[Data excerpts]

--

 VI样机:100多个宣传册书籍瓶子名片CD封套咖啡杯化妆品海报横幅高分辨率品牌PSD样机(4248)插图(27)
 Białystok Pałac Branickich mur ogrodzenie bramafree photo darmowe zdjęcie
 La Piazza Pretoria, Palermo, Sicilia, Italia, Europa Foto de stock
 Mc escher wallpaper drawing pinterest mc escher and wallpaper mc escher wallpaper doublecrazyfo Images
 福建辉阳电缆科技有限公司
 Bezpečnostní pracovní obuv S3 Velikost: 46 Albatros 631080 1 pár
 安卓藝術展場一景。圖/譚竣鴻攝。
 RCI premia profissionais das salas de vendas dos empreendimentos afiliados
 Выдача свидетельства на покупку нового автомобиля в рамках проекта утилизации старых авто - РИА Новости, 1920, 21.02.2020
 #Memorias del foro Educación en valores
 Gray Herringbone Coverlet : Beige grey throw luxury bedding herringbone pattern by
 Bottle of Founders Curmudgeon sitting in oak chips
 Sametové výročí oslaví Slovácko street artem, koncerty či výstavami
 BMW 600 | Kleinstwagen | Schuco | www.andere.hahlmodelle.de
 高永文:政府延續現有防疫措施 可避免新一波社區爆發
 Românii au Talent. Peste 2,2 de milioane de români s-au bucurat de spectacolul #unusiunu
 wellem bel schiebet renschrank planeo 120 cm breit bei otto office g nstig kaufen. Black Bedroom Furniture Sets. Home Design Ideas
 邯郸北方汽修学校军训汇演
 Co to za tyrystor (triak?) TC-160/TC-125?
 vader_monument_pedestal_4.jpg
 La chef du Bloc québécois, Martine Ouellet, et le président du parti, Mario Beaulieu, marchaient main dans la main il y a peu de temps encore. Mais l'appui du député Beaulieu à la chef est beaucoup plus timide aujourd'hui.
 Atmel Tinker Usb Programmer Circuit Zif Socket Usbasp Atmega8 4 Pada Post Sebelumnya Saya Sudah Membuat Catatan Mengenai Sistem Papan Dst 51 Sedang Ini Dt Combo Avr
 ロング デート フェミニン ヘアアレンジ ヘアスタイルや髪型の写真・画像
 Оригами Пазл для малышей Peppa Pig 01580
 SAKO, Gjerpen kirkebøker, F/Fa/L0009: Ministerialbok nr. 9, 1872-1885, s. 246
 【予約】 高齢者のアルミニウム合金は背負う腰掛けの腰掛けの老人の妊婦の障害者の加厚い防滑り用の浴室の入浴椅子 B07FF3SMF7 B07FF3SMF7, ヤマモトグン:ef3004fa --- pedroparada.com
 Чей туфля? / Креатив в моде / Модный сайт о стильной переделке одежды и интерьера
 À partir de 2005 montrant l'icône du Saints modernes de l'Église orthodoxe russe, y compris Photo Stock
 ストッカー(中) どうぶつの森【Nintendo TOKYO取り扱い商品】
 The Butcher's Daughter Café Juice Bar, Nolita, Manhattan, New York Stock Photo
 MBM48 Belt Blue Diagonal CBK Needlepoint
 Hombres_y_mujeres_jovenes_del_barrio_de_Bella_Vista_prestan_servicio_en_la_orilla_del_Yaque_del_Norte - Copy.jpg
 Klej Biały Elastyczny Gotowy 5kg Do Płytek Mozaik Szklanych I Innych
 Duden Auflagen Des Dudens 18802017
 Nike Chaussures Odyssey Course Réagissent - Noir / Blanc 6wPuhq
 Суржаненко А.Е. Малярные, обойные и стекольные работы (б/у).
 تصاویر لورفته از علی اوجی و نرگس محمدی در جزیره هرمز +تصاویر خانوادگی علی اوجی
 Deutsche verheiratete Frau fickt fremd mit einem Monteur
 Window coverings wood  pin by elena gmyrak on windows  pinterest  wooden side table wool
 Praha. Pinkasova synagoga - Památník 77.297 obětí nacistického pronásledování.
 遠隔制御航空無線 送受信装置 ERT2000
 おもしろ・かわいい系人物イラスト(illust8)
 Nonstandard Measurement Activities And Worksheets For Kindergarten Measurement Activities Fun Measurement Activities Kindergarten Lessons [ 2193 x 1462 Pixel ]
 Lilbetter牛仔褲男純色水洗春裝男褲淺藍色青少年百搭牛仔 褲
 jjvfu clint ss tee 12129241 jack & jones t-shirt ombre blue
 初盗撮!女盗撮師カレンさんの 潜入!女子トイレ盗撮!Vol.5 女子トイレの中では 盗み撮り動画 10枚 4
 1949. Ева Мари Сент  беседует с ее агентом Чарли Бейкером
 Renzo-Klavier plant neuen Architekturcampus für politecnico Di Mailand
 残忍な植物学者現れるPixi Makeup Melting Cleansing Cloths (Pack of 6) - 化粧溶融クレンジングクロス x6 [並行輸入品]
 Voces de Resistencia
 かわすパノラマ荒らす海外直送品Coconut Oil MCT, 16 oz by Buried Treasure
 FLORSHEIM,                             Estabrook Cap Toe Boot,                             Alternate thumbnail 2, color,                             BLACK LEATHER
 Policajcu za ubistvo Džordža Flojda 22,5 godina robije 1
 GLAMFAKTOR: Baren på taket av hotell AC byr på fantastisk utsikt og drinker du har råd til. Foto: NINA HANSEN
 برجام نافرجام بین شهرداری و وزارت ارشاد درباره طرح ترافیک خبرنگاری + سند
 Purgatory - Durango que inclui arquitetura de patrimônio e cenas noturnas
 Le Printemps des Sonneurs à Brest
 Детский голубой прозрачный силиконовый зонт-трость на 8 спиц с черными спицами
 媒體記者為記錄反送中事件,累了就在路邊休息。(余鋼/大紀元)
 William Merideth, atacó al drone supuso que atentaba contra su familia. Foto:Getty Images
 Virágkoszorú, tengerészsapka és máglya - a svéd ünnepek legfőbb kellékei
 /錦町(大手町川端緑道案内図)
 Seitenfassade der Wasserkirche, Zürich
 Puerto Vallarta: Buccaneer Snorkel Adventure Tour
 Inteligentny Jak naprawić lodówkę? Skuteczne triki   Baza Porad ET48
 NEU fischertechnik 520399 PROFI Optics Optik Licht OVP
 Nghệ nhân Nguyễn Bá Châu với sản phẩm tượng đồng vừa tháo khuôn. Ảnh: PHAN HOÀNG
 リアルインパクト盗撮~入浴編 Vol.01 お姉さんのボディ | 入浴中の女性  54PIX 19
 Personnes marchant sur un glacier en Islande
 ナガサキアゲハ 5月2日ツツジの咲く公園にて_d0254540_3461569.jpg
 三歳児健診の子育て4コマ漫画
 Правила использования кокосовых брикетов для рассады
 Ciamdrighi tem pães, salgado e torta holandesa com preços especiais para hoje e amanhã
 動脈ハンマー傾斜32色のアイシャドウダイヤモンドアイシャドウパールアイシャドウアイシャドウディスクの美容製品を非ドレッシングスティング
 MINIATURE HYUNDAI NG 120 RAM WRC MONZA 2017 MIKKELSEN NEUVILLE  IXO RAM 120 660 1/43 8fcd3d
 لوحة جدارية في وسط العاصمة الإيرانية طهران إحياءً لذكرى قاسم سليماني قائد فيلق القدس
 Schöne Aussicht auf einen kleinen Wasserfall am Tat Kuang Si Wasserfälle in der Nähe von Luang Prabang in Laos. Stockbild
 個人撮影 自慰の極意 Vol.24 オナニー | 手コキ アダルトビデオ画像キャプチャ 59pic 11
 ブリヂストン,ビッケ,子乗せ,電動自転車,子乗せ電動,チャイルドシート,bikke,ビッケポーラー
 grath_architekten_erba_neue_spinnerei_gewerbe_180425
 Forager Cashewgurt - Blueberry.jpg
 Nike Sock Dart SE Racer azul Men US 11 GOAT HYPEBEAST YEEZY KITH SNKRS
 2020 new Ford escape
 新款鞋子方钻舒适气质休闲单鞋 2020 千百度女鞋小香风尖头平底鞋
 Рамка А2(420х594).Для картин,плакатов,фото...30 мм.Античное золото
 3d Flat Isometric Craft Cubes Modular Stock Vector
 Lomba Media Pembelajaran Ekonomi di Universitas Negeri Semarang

--

About this exercise: Could you quote, exactly as they appear, the line containing "新款鞋子方钻舒适气质休闲单鞋 2020 千百度女鞋小香风尖头平底鞋" and every line after it to the end of the records above?

Solution for this exercise:
 新款鞋子方钻舒适气质休闲单鞋 2020 千百度女鞋小香风尖头平底鞋
 Рамка А2(420х594).Для картин,плакатов,фото...30 мм.Античное золото
 3d Flat Isometric Craft Cubes Modular Stock Vector
 Lomba Media Pembelajaran Ekonomi di Universitas Negeri Semarang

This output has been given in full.